Qualified business income does not include IRC Section 707(c) guaranteed payments for services, amounts paid by S corporations that are treated as reasonable compensation of the taxpayer, or, to the extent provided in regulations, amounts paid or incurred for services by a partnership to a partner who is acting other than in his or her capacity as a partner.
Qualified business income does not include income involving the performance of services (i) in the fields of, among others, health, law, accounting consulting, financial services, brokerage services, or any trade or business where the principal asset of such trade or business is the reputation or skill of one or more of its employees or owners, or (ii) consisting of investing or investment management, trading, or dealing in securities, partnership interests or commodities.
Qualified business income includes (and, thus, the deduction is applicable to) only income that is effectively connected with the conduct of a trade or business within the United States.
The deduction is limited to 100% of the taxpayer's combined qualified business income (e.g., if the taxpayer has losses from certain qualified businesses that, in the aggregate, exceed the income generated from other qualified businesses, the taxpayer's deduction would be $0).
The deduction is limited to the greater of (i) 50% of the W-2 wages paid with respect to the trade or business or (ii) the sum of 25% of the W-2 wages paid with respect to the trade or business and 2.5% of the unadjusted basis, immediately after acquisition, of all depreciable property used in the qualified trade or business.


----------



## UberTaxPro (Oct 3, 2014)

ginseng41 said:


> Correct but there are about a million changes depending on which classification a pass through is, as well and certain deductions are treated differently.

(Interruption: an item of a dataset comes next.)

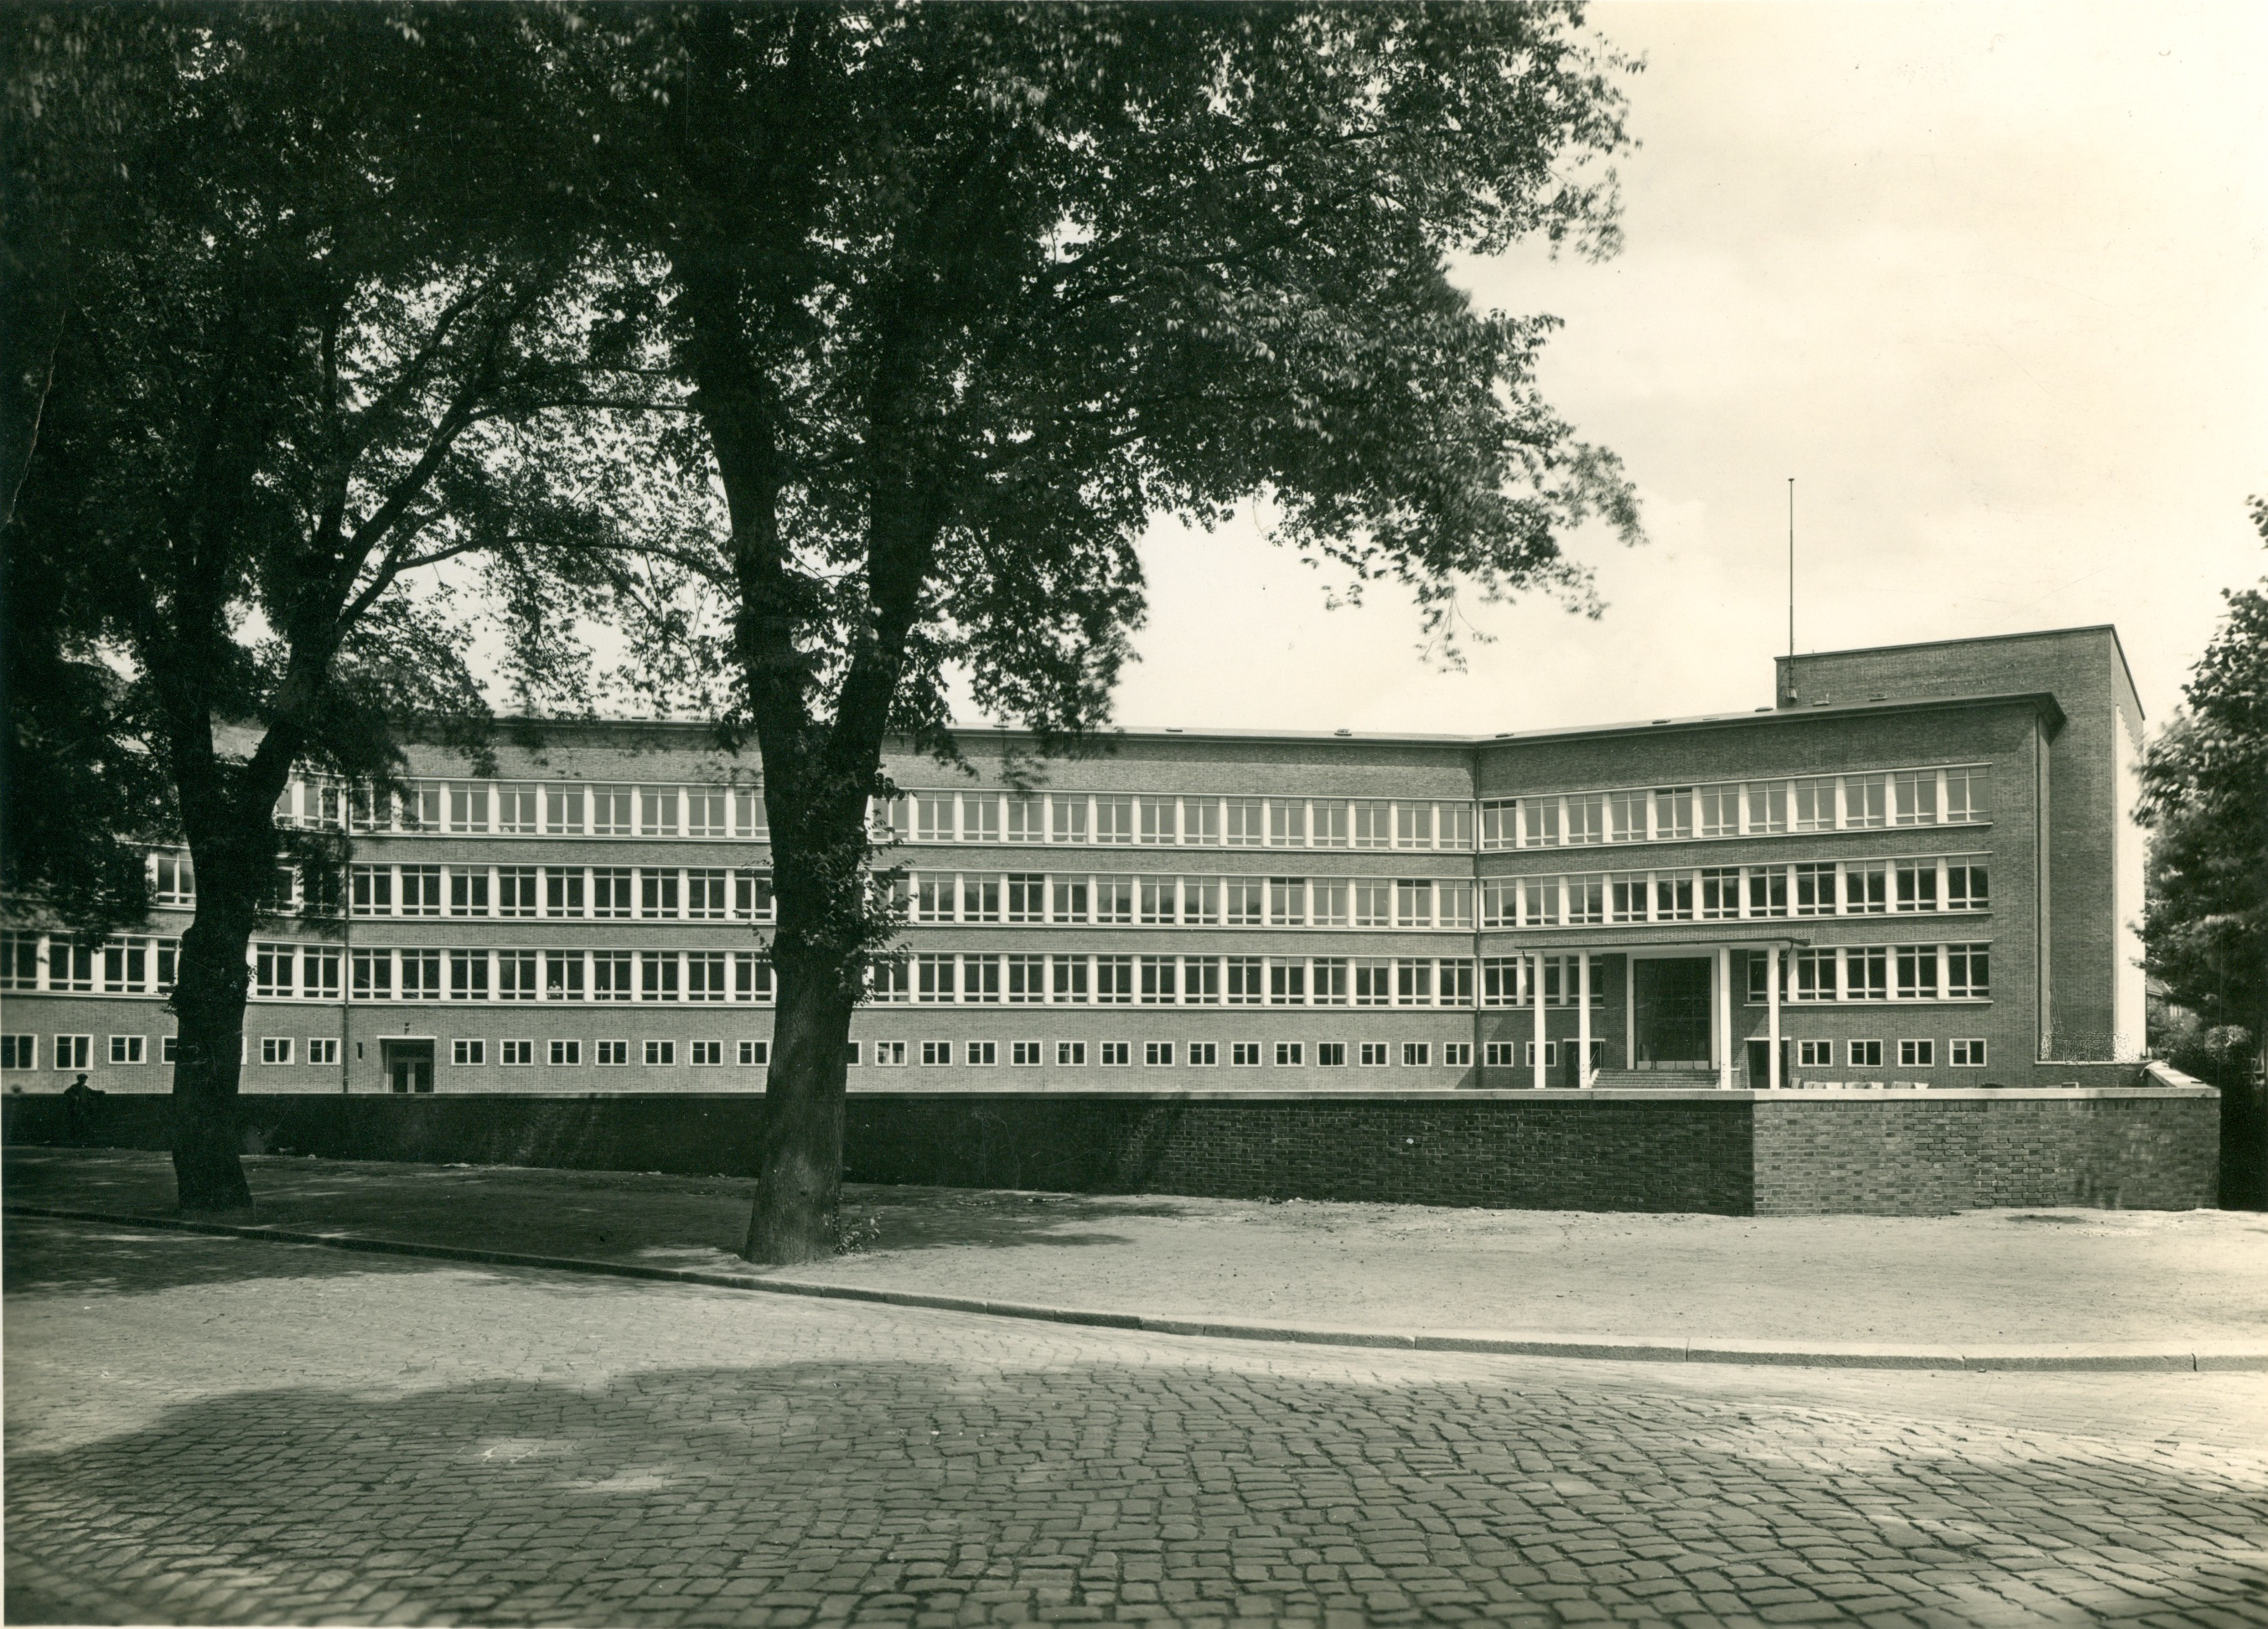 Schon in den 1930ern gab es moderne Bauformen in Hamburg. Auf zur Ausstellung.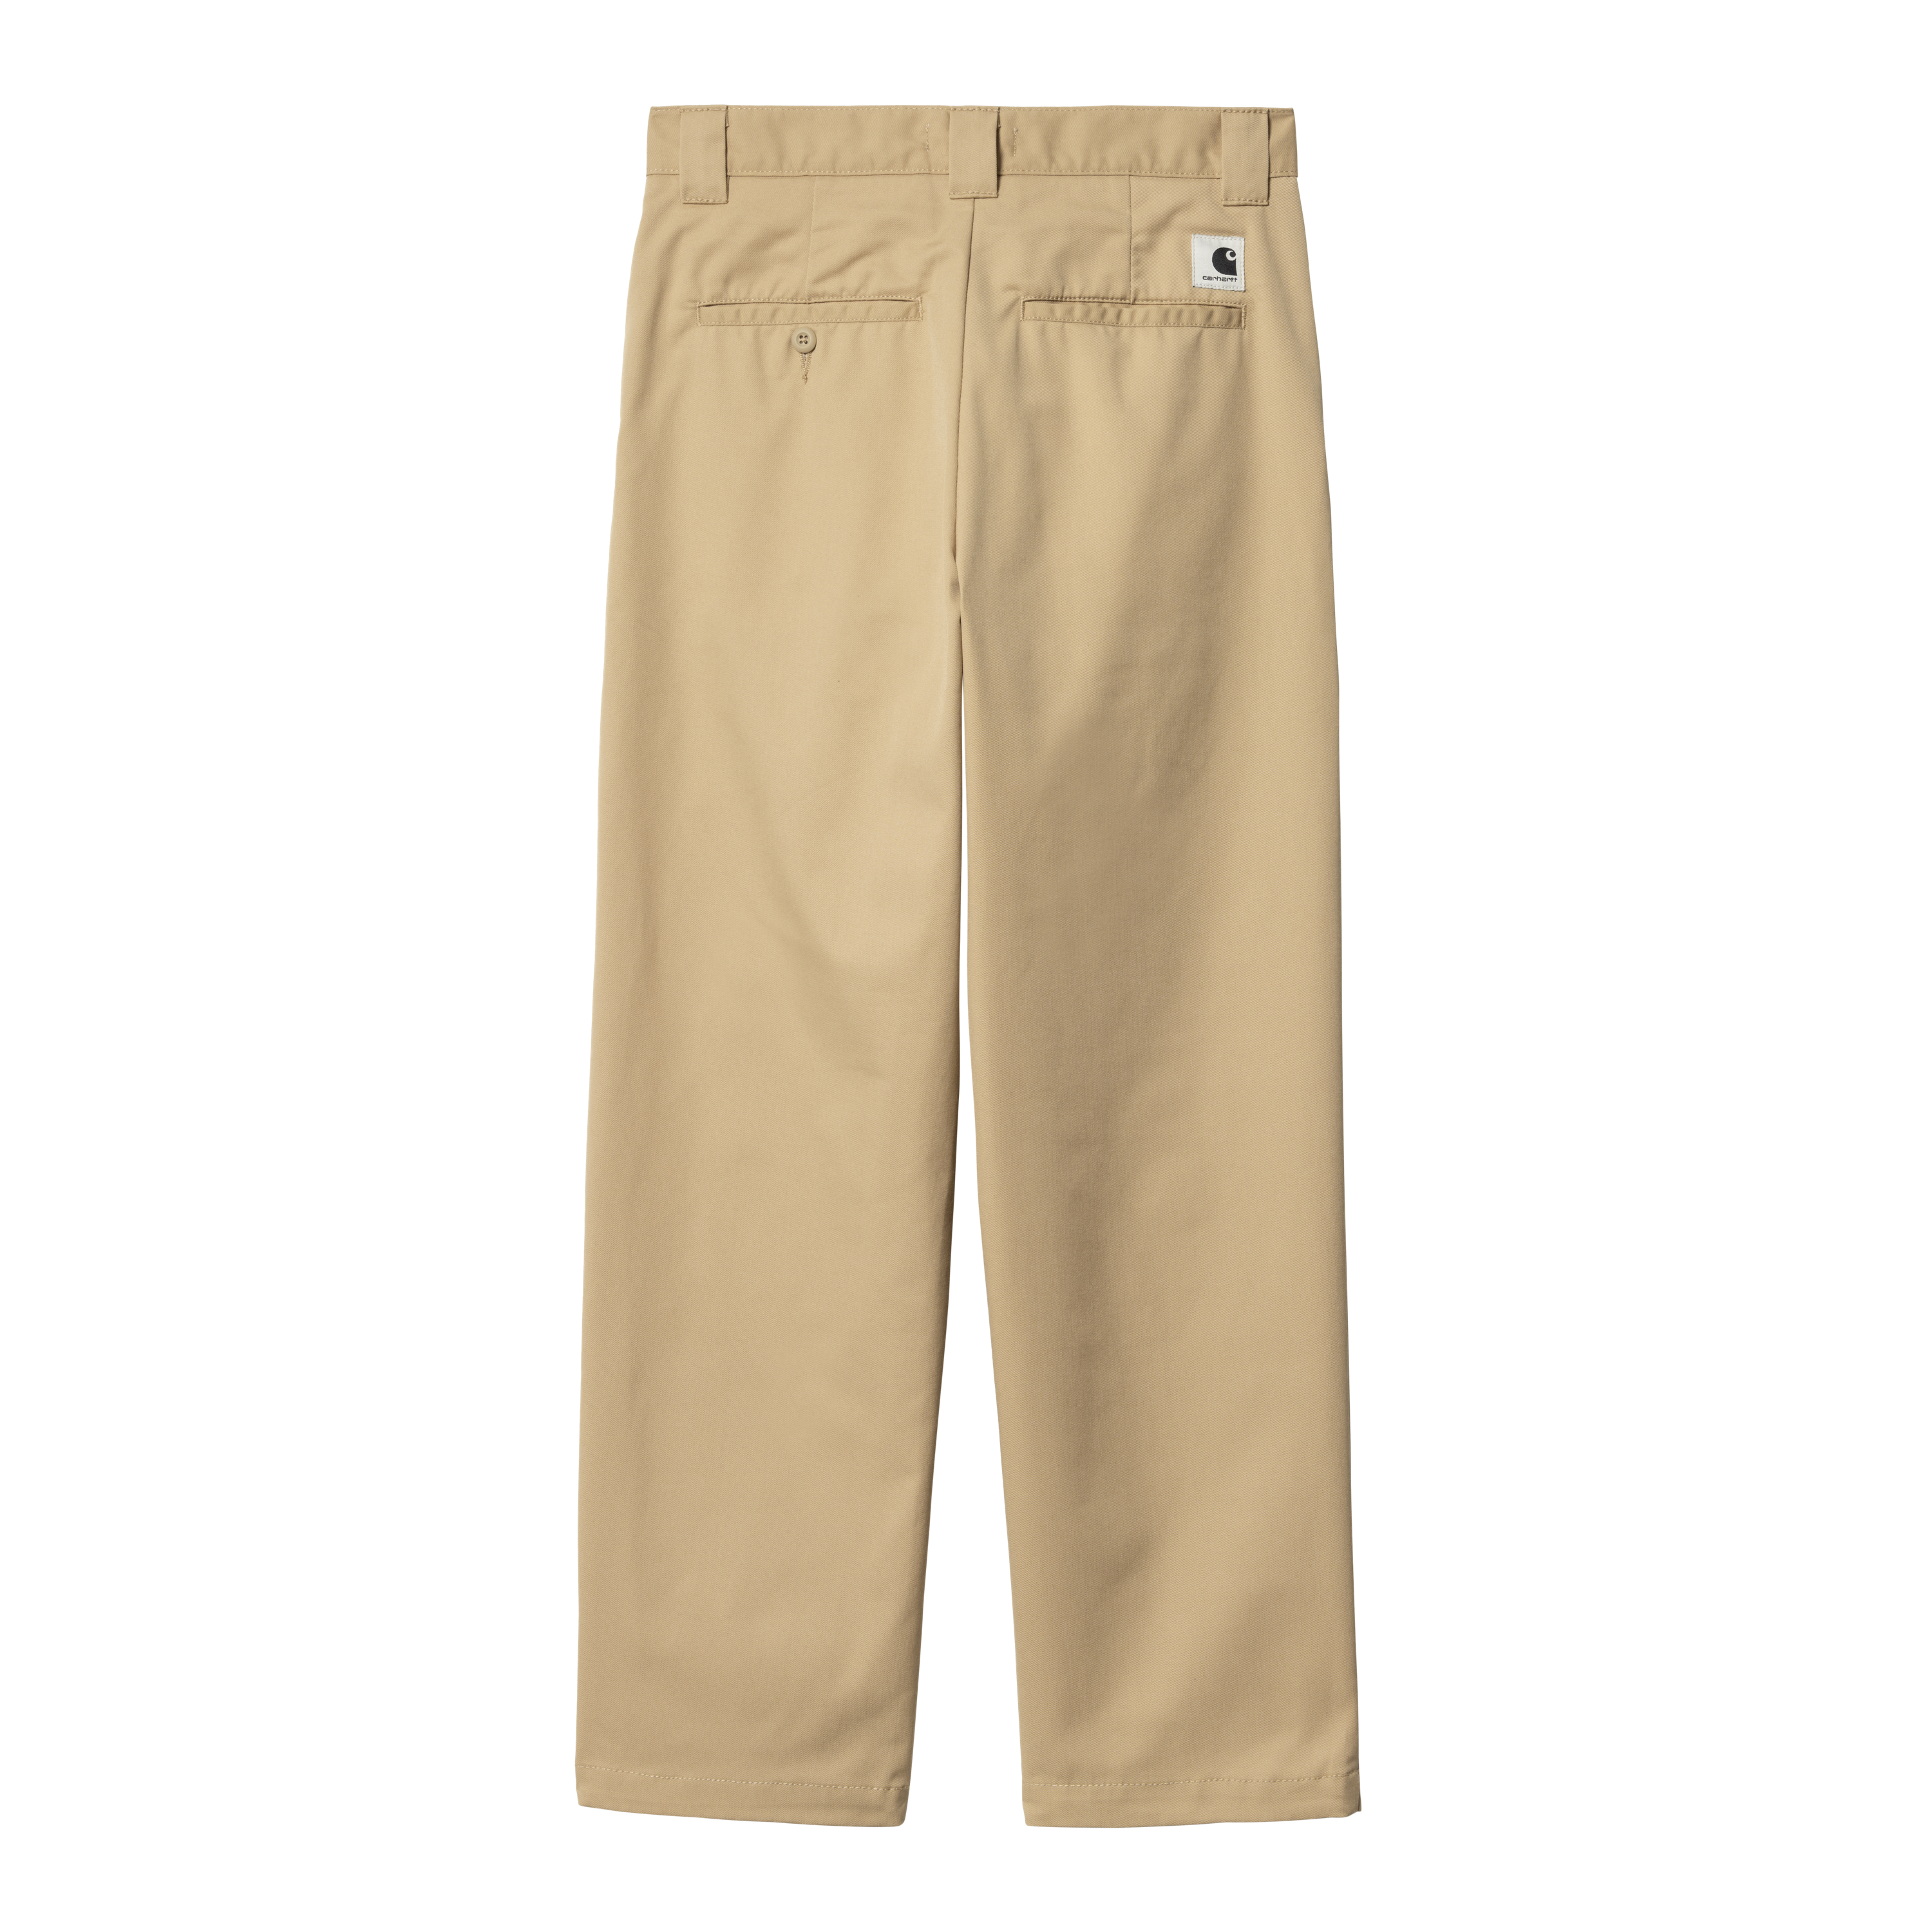 Carhartt WIP medley utility trousers in dusty beige

And certain benefits for corporations vs partnerships vs sole proprietorships. It's a mess


It was mess before, it's a different mess now, it will always be a mess! Other than certain pass thrus not being included like accounting, law and health care in the new 20% deduction and the 20% deduction itself, I'm not seeing the million changes that your talking about for pass thru entities in the new law. Maybe you could be more specific. 
Here's a good comparison of all the changes for you...
https://www.taxbuzz.com/blog/tax-reform-side-by-side-comparison-current-law-to-new-tax-law


----------



## SteveNBham (Dec 30, 2015)

Ubertaxpro,

If I cashed out via express pay right before midnight and stopped driving, then would all that money count in 2017 along with mileage deductions. The money would go on 2017 1099 right? Or would I still show the income of one week in 2018, but without the mileage deduction.


----------



## UberTaxPro (Oct 3, 2014)

SteveNBham said:


> Ubertaxpro,
> 
> If I cashed out via express pay right before midnight and stopped driving, then would all that money count in 2017 along with mileage deductions. The money would go on 2017 1099 right? Or would I still show the income of one week in 2018, but without the mileage deduction.


There's two accounting methods accrual and cash. On your schedule c you'll choose which method you used. If you used the cash method it will all go on 2017 if you cash out now. Most Uber drivers use the cash method. With the accrual method, income and expenses are recorded when you incur the income and expense, not necessarily when you receive the money.

https://www.investopedia.com/ask/answers/09/accrual-accounting.asp


----------